Most current exterior vehicular trim components are fabricated from talc-filled polypropylene and thermoplastic polyolefin (“TPO”) materials. Weight reduction and increased use of sustainable, recyclable materials are goals of vehicular manufacturers. Options to integrate recyclable materials into vehicle designs include selecting various recyclable materials with demonstrated mechanical, thermal and other properties that are comparable to the non-recyclable constituents employed in current trim components and parts. Primary options for reducing weight of plastic parts and components in vehicles include reducing the thickness of the parts and components and reducing the density of the materials employed in such parts and components.

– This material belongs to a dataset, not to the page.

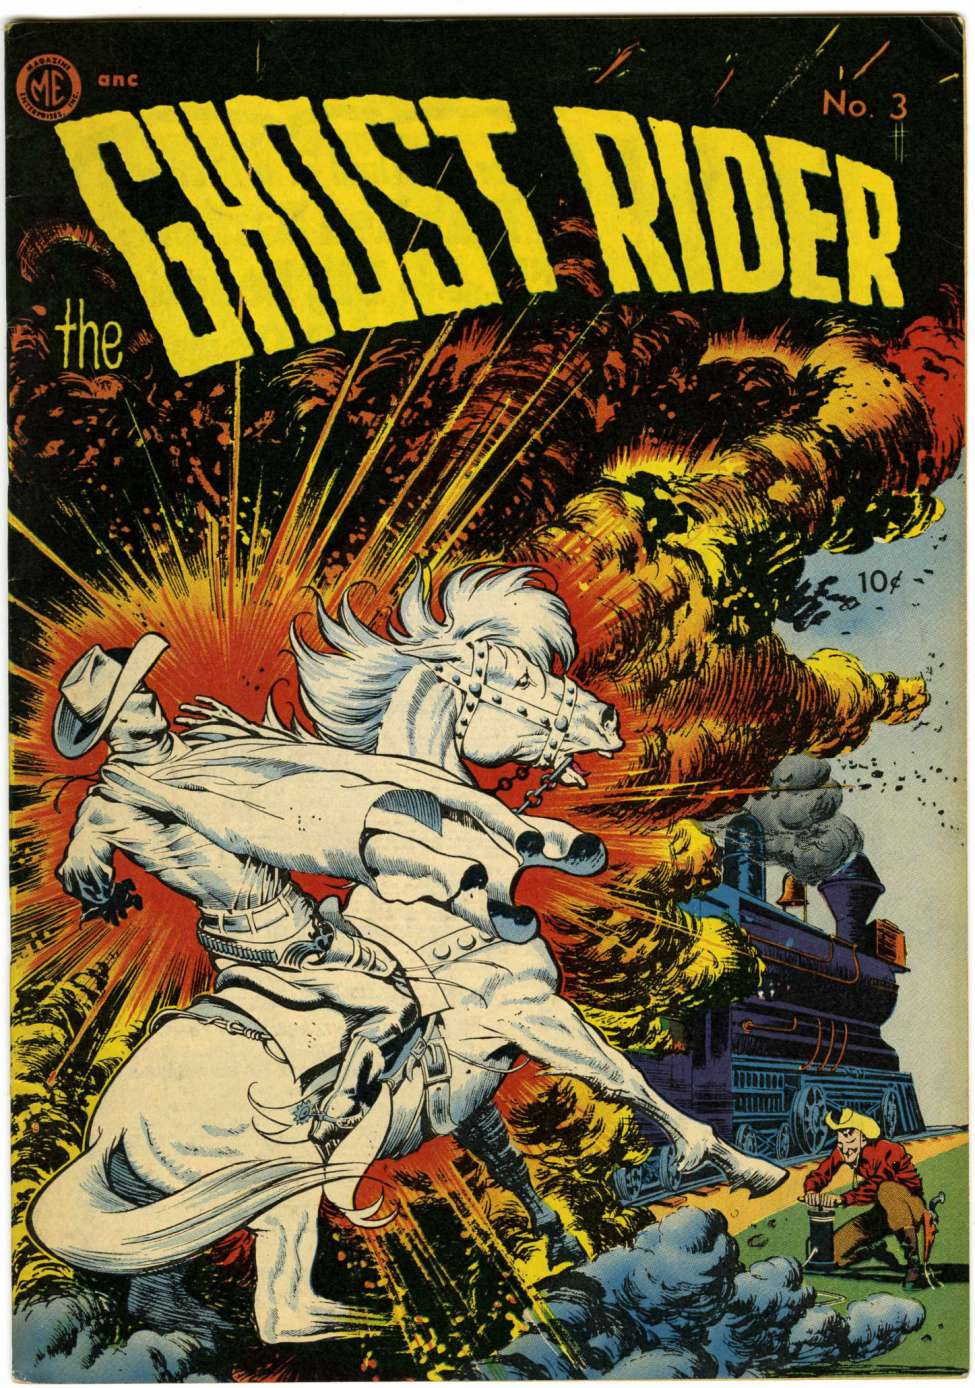 LARGE DOWNLOAD GHOST RIDER COMIC BOOKS CBR-CBZ FILES DOWNLOAD 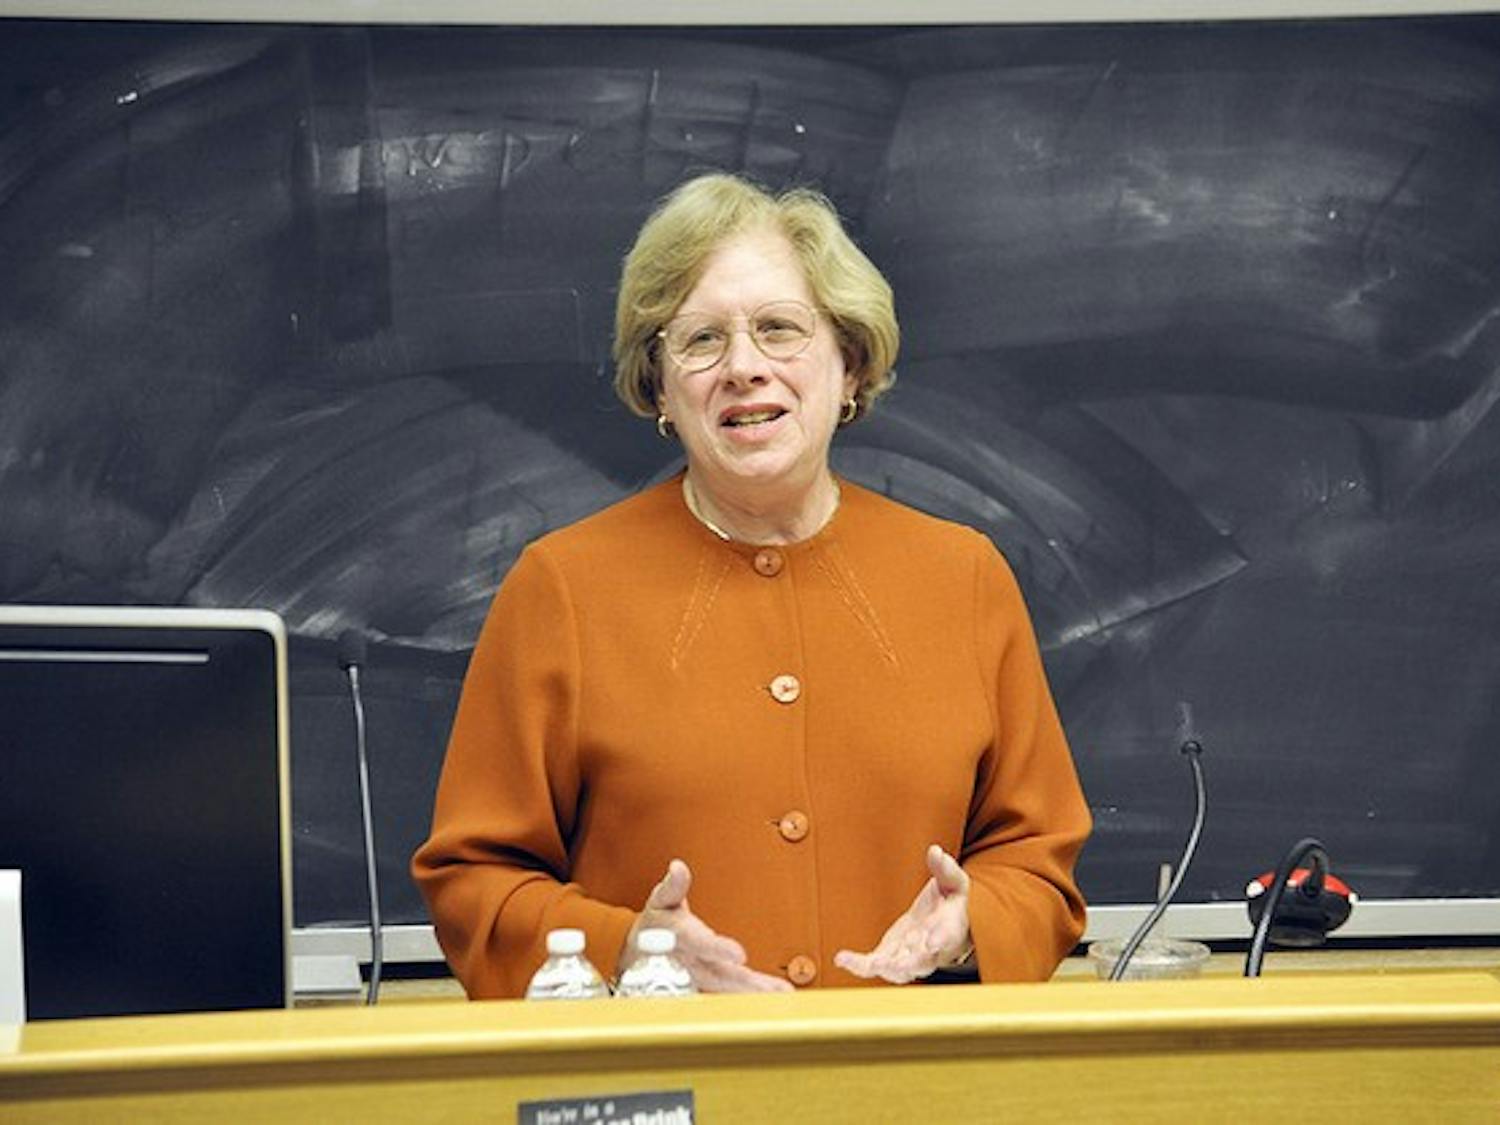 Nancy Malkiel, who served as the dean of the college at Princeton University for 24 years, related her accomplishments in undergraduate education on Tuesday.

While conceiving of trim component designs with reduced part thickness can be relatively straightforward, producing and implementing such designs in vehicles is challenging. In many cases, the strength and stiffness of the materials employed in such designs must be increased to accommodate the reduction in wall thickness. Yet adding high-stiffness constituents to these designs and modifying the materials to improve their strength often results in a significantly less-manufacturing-friendly product, particularly in view of tool wear and the aesthetics of the surfaces of these products.
In general, polymeric materials with recyclable polymeric and non-polymeric constituents have lower flow rates associated with molding operations in comparison to materials employing all or mostly all virgin, non-recycled materials. The melt flow rate of recycled thermoplastic materials is an average of the melt flow rate of its constituents. Given their relatively lower flow rates, polymeric materials with high percentages of recyclable materials can be limited in terms of their integration within vehicular component designs with reduced wall thicknesses.
As noted earlier, most vehicular trim components and parts employ talc-filled polypropylene and talc-filled TPO formulations. Vehicular trim components often employ about 10% to about 40% talc by weight as a filler material. Talc, and other fillers, acts to increase the stiffness and strength of these components. Talc also controls and stabilizes the thermal expansion of these components. Further, talc can act as a nucleating agent for enhancing and accelerating the solidification of these materials during manufacturing within product molds employed to fabricate such vehicular trim components.
Talc as a filler within polymeric vehicular components presents several disadvantages. Talc has a density of about 2.6 g/cm3 and polypropylene has a density of about 0.9 g/cm3. As such, the inclusion of talc in polypropylene vehicular components serves to increase the overall density of the component containing talc as a filler material. Talc also reduces the aesthetics of many vehicular components, particularly at its surfaces. When talc is employed as a filler material in a vehicular polymeric material, its use can reduce the ductility and flow rate of the material during manufacturing.
Other reinforcing filler materials, such as glass, can be used in vehicular trim components with some success in stiffening them with a goal of overall weight reduction. Yet glass has many drawbacks when employed in polymeric vehicular components as a filler material. As glass has a higher density than talc, it can serve to increase the overall weight of a vehicular component in which the talc is replaced with equal parts glass. As glass frit, particles, fiber and the like possess relatively high modulus values, polymeric materials containing glass filler materials can be abrasive. With increased percentages of glass materials, the manufacturing of glass-containing polymeric materials tends to result in shorter tool lifetimes.
Accordingly, there is a need for polypropylene-based compositions suitable for vehicular trim components, and designs of such components, with reduced weight and higher percentages of recyclable materials at current component-neutral cost and performance.